You will be seeing an actual faith and clergy forum that I am developing. You'll be seeing an activist forum that I'm developing. More of a business forum that I will be creating and sitting at the table and ensuring this gets done.

Louisville Metro saw record breaking rates of homicides and gun violence in 2020, and high numbers since then. There were some small improvements last year: an 8% reduction in homicides, fewer non-fatal shootings. When do you think that we'll see some major improvements to the gun violence epidemic here? And how is that going to happen?

Having open dialogue, open discussions. What can you help LMPD do? How can LMPD serve you better? That's a start. We have different initiatives already in play: We have the Youth Advisory Council, which is wonderful. I've also, too, developed Conversations and Cuts, where we're actually going into the barber shops and having those very courageous conversations.

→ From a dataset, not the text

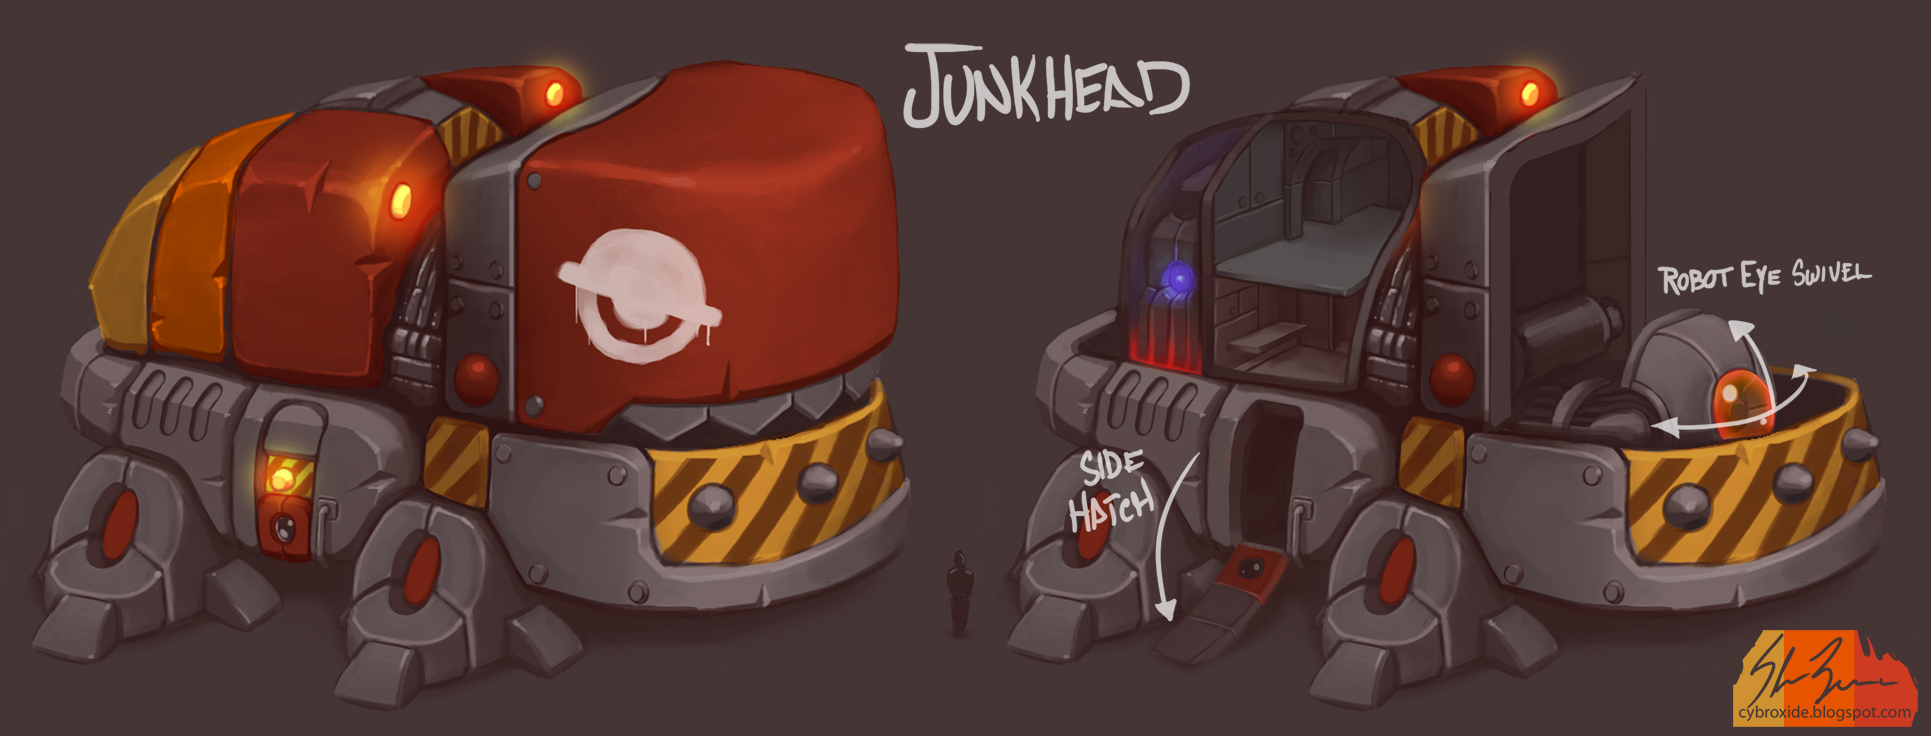 Junkhead_Design.jpg

The independent audit of LMPD released two years ago, the Hilliard Heinz report, found that the department's relationship with the Black community was “deeply strained," and, at the time, the city had no strategy to develop that trust. How do you plan to change that?

Well, it starts with me, right? The top seat. I have to demonstrate to my officers, which they're doing right now, but we need to do better and, like anything, raise the bar and actually build upon those relationships and actually be intentional about our relationships by actually embedding ourselves within the community more. The messaging has to be clear, and you will actually be able to look back and say, “I do see some changes.”

We want to hear from the community, the changes they’re seeing. We need to hear that. Are we moving in the right direction? Do you need more? Are you seeing a difference?